AIM OF THE TASK
With the pictures omitted, print exactly the lines below, from the one containing "Bride and groom" through the one containing "What Does Ultrasound Do?", and nothing else.

TASK INPUTS
-- Opening Marker --

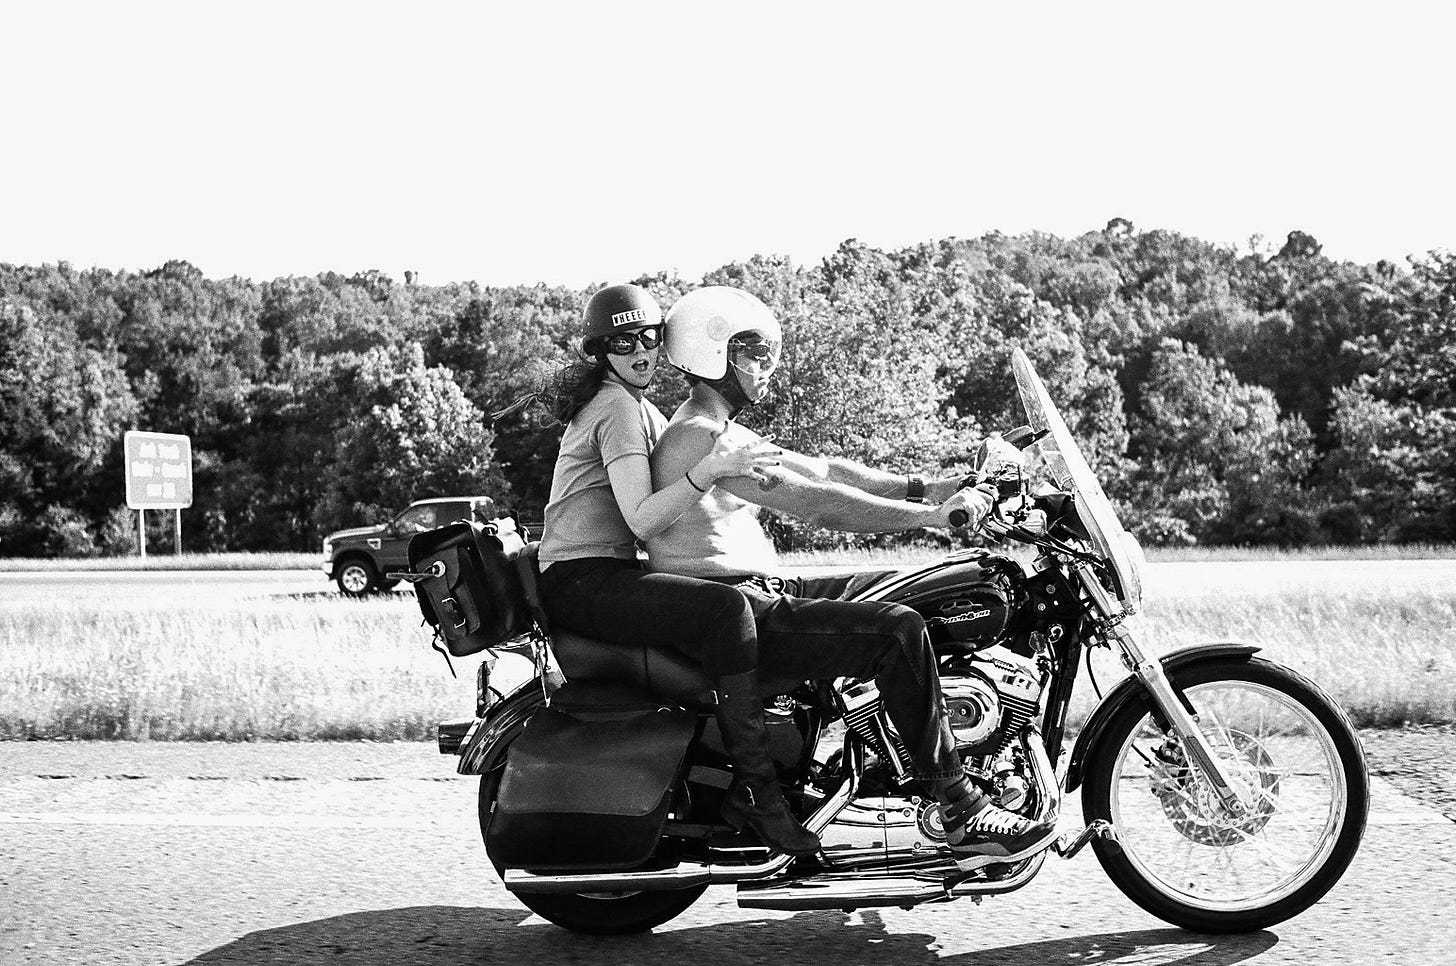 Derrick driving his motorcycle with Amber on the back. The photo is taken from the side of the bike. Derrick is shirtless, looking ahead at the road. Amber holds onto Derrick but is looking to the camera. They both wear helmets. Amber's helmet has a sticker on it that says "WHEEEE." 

-- Closing Marker --
-- Opening Marker --

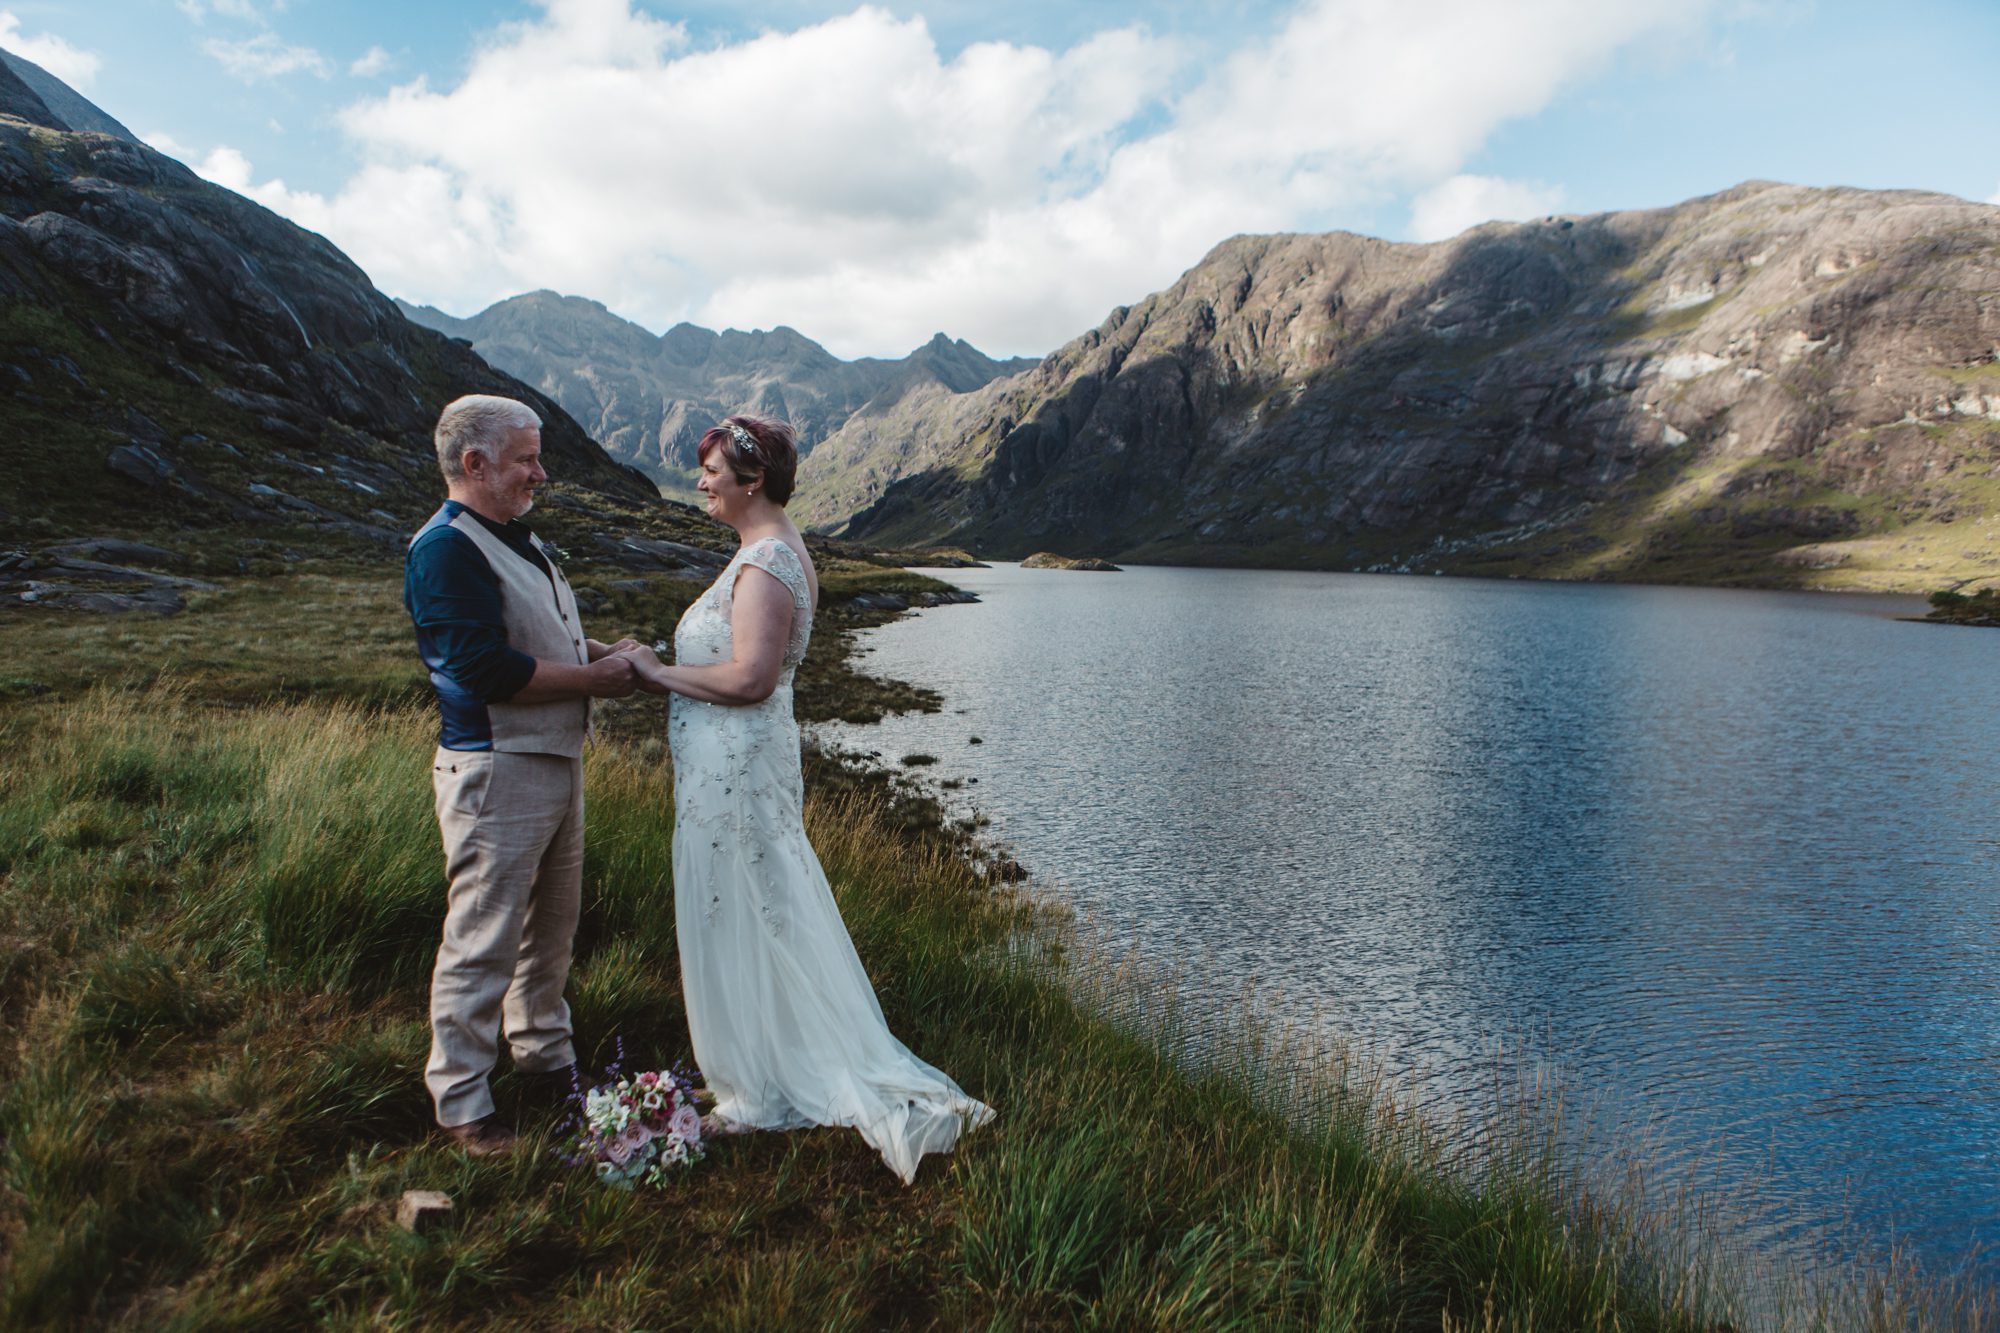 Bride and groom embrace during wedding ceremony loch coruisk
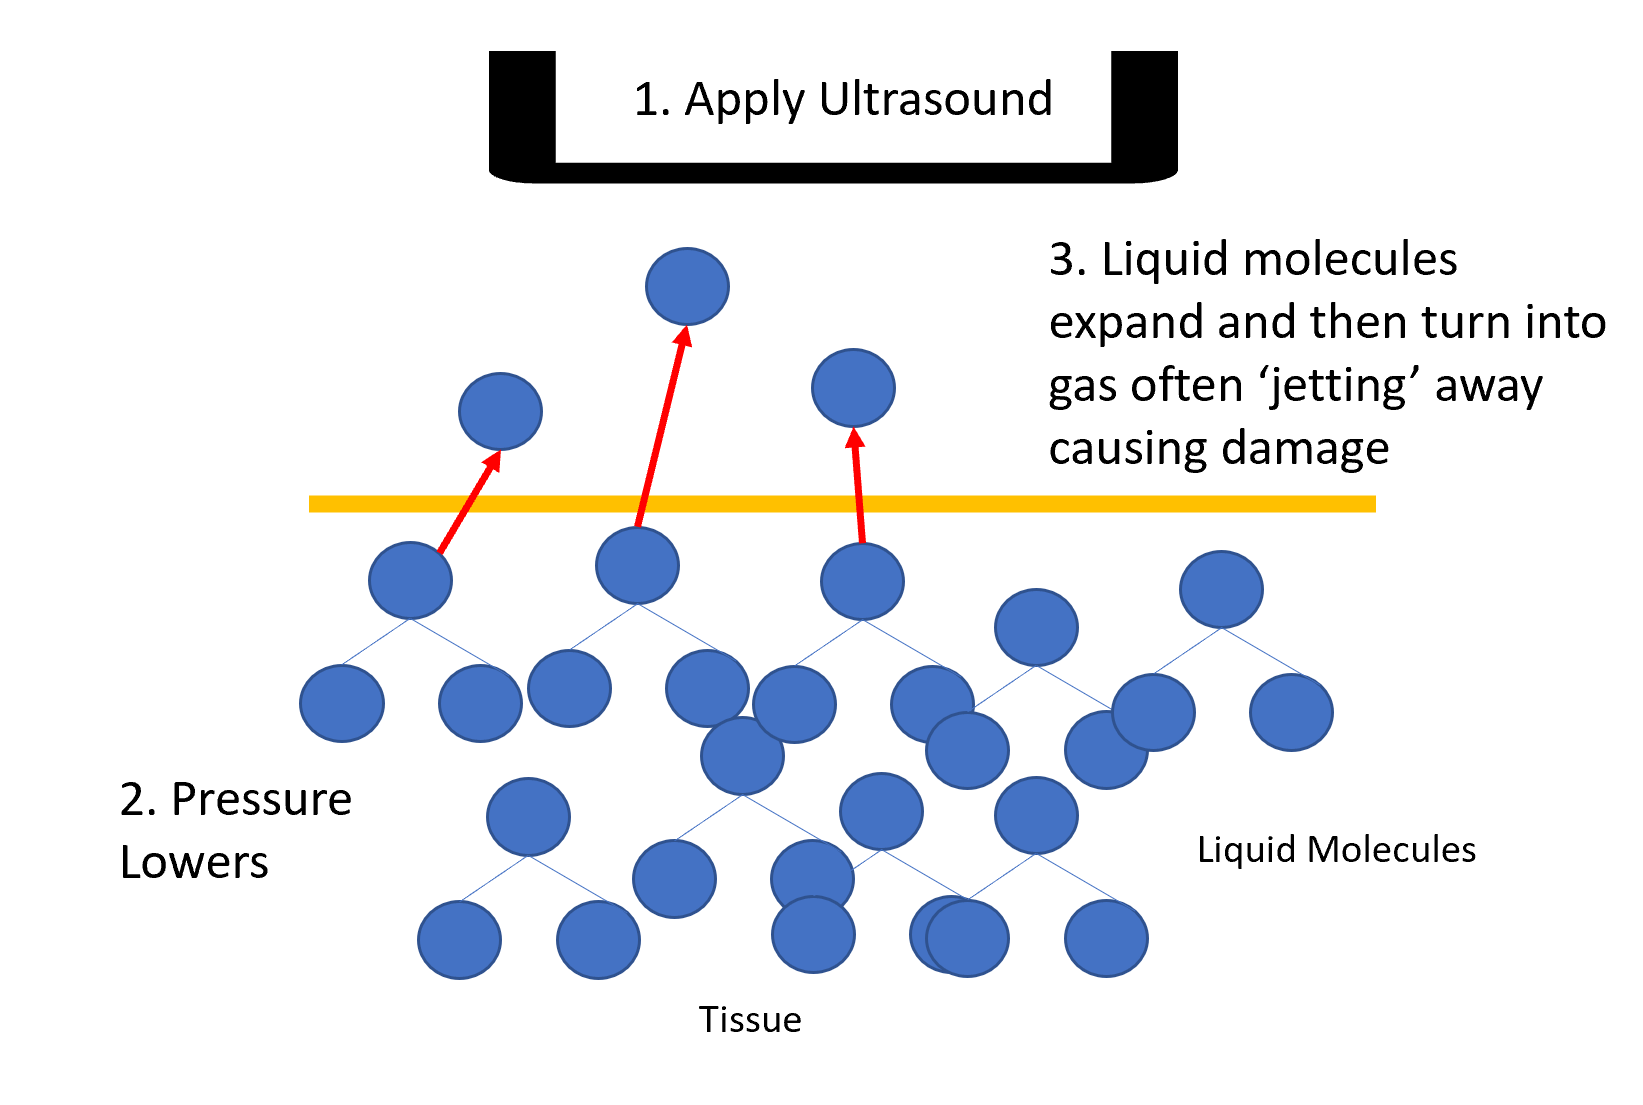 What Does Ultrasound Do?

-- Closing Marker --
-- Opening Marker --

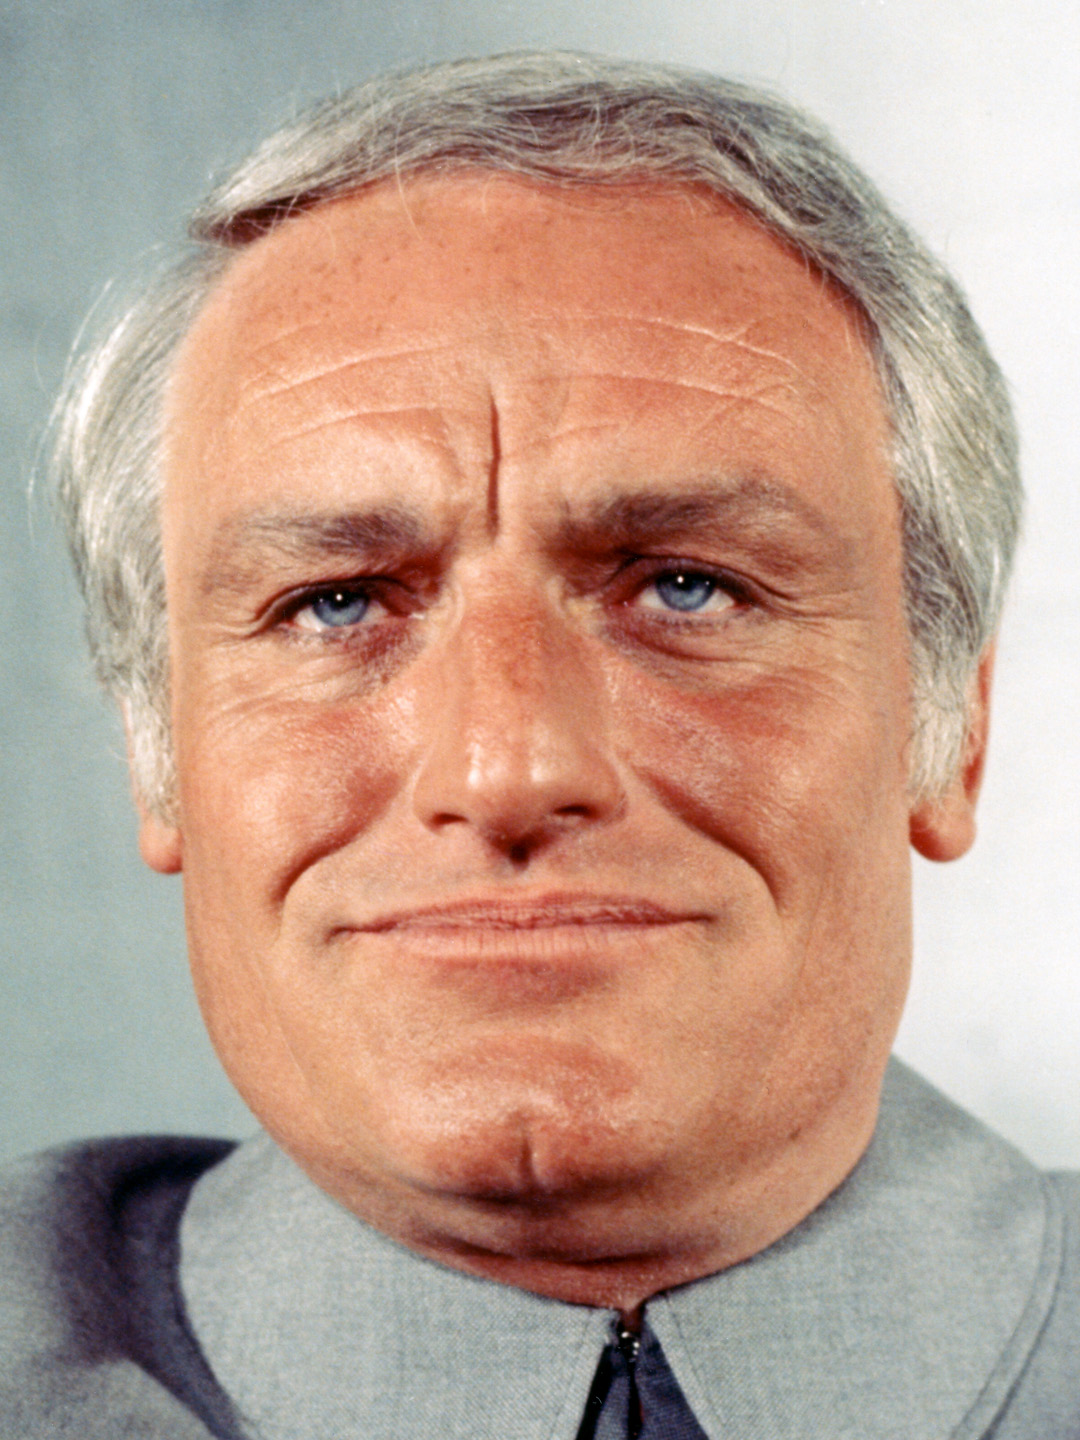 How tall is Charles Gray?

-- Closing Marker --

COMPLETED EXERCISE
 Bride and groom embrace during wedding ceremony loch coruisk
 What Does Ultrasound Do?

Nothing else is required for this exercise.